**Exercise**
Would you write out the listing verbatim and skip every picture in it?

**Information supplied**
=== Begin Enclosure ===

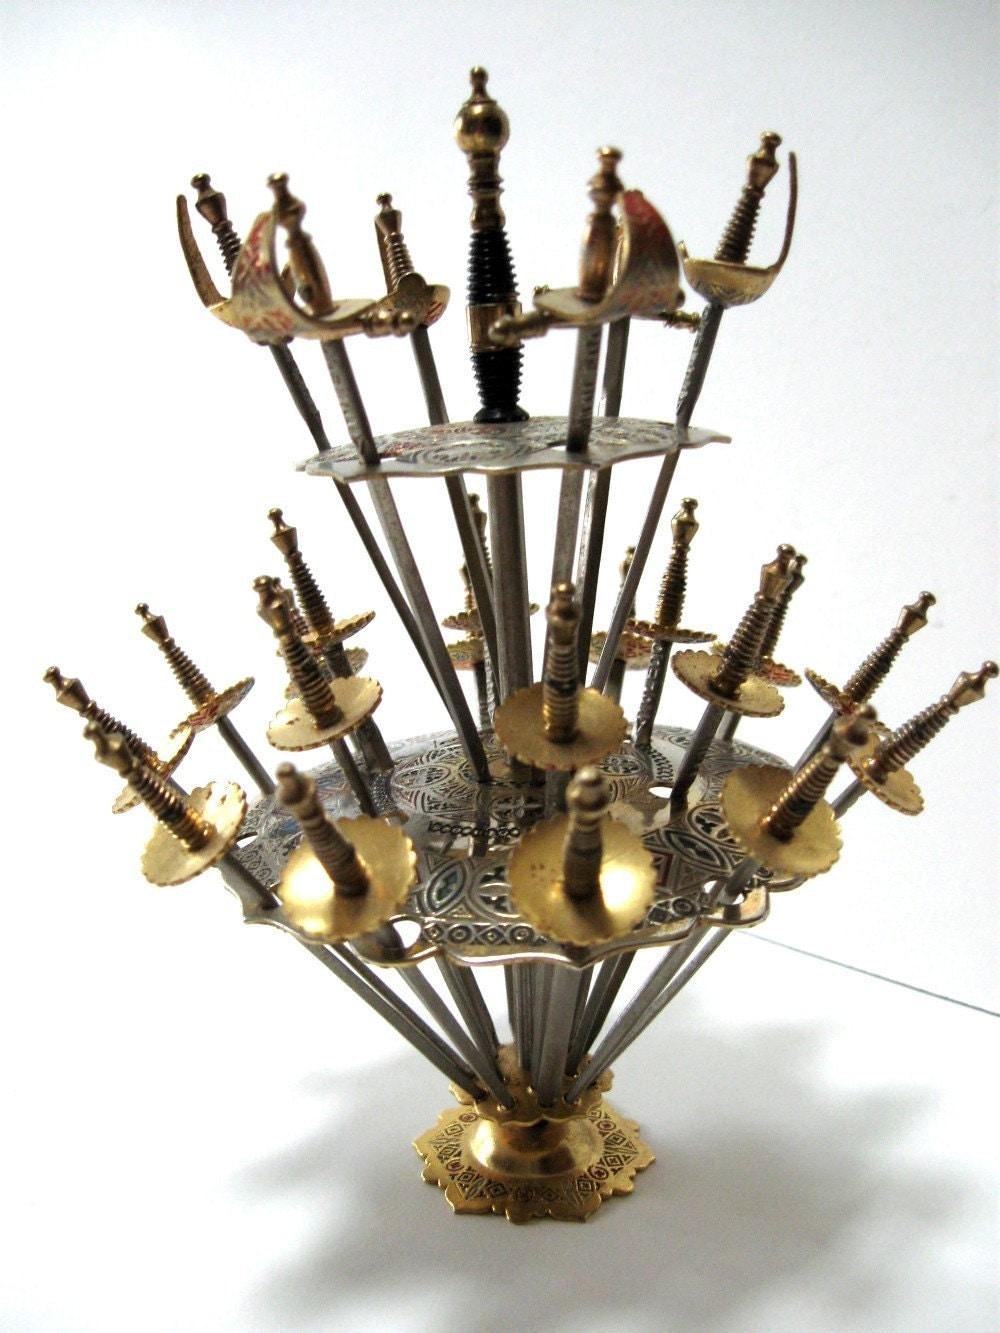 Vintage Toledo Sword Cocktail Picks and Holder Classic 1960s
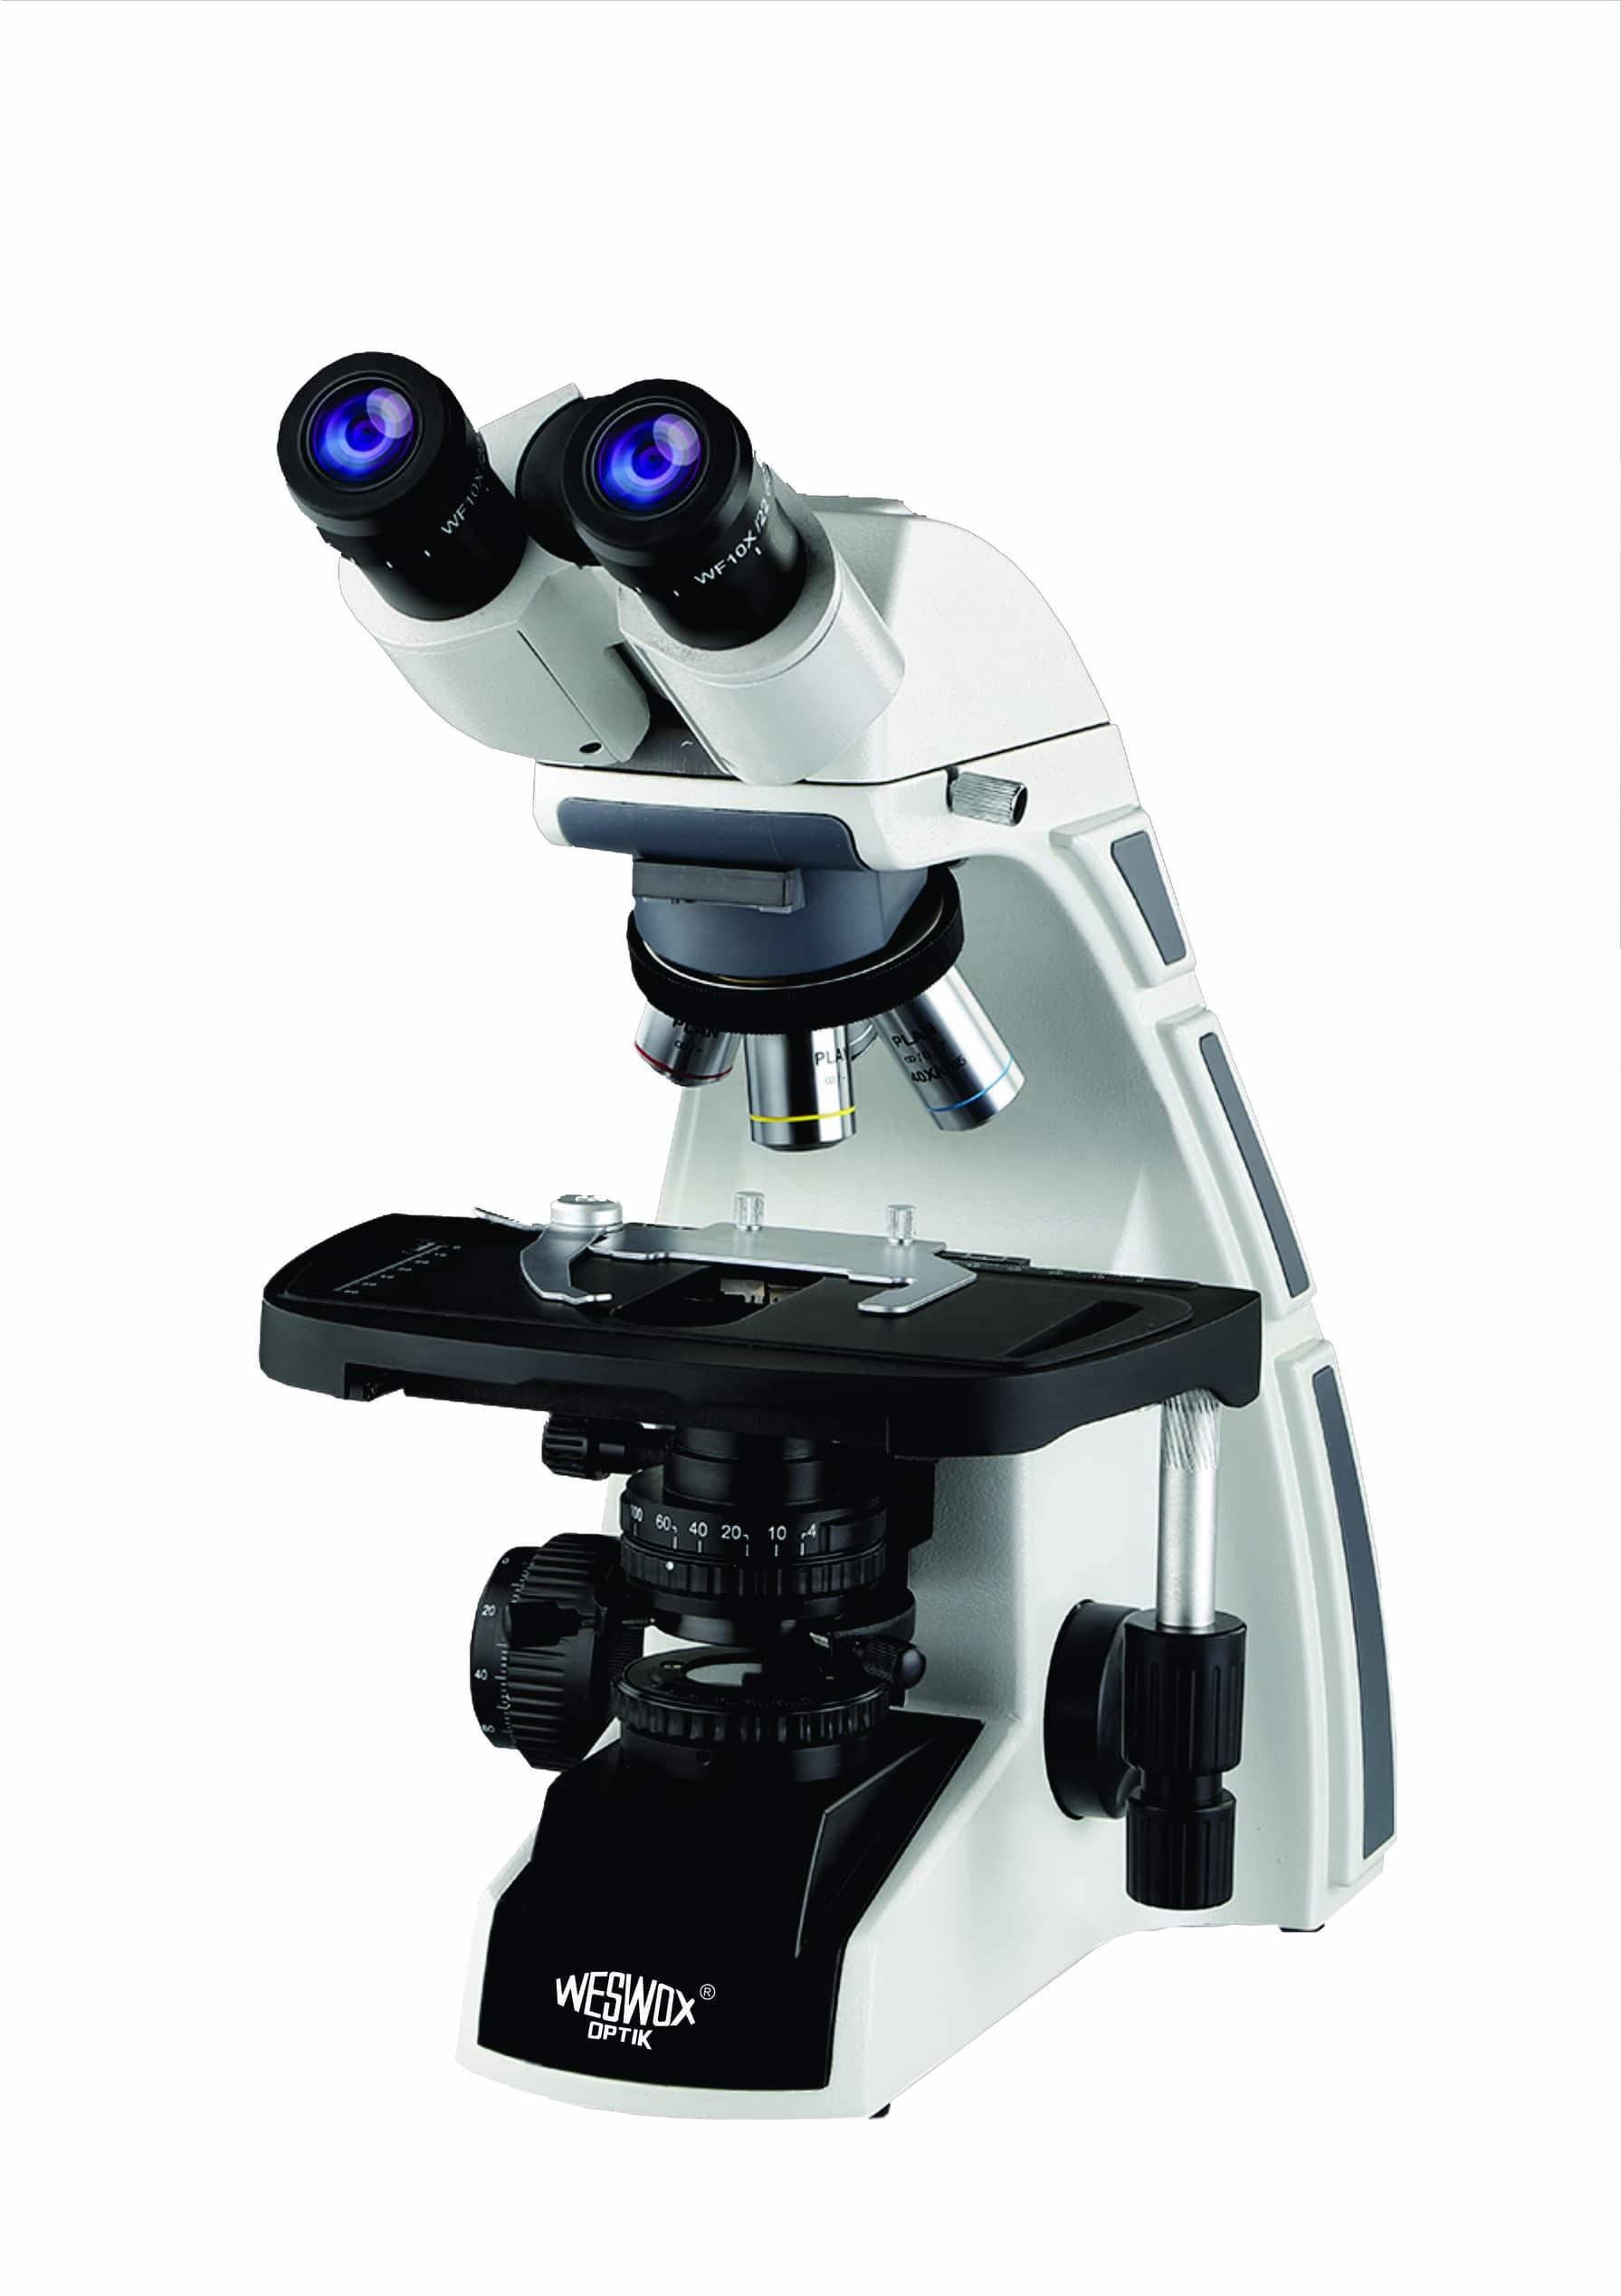 ADVANCE RESEARCH TRIINOCULAR CLINICAL MICROSCOPE
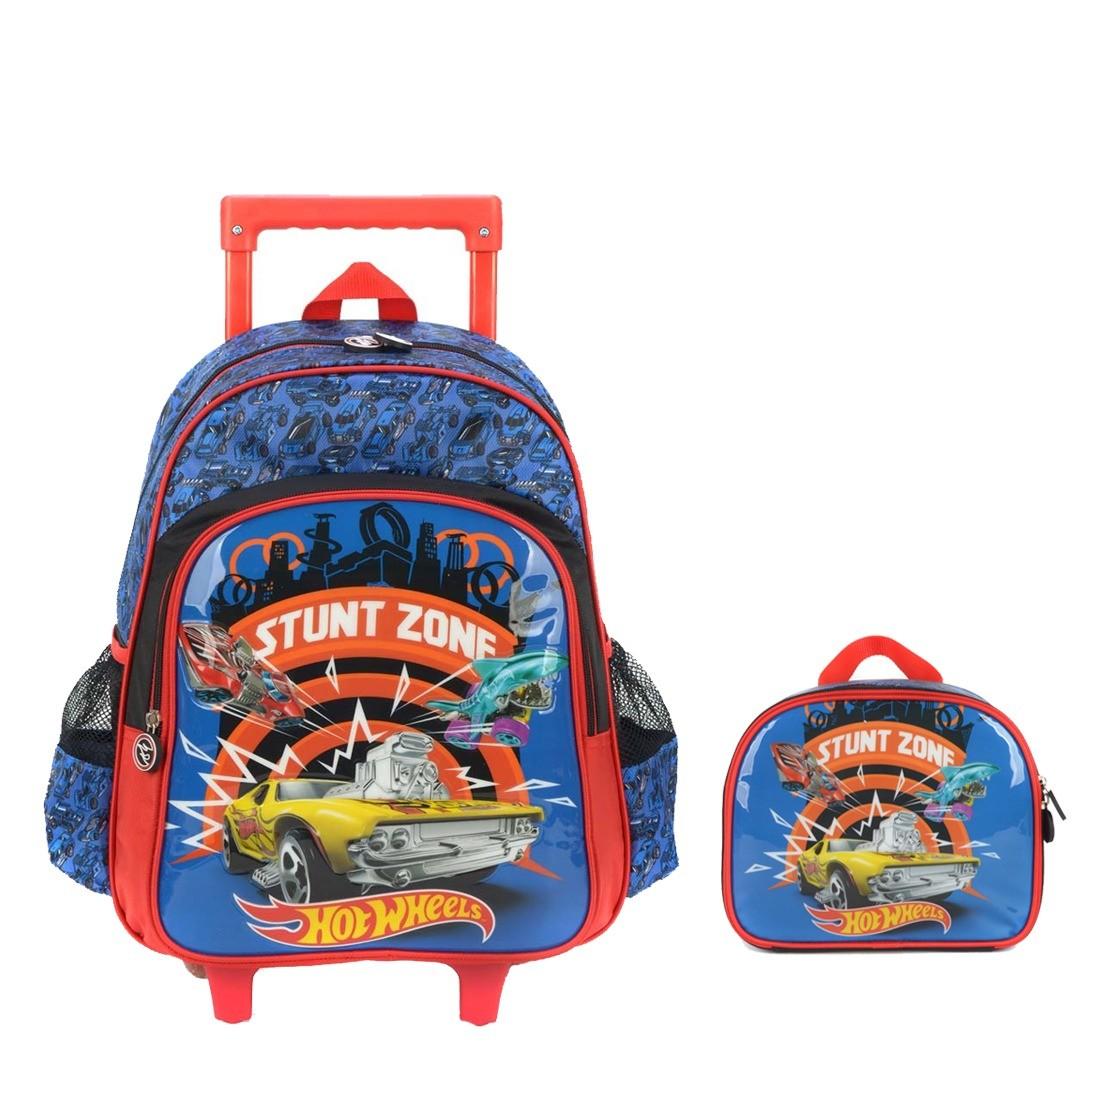 Kit Mochila Infantil com Rodinhas Hot Wheels E Lancheira

=== End Enclosure ===

**Response**
 Vintage Toledo Sword Cocktail Picks and Holder Classic 1960s
 ADVANCE RESEARCH TRIINOCULAR CLINICAL MICROSCOPE
 Kit Mochila Infantil com Rodinhas Hot Wheels E Lancheira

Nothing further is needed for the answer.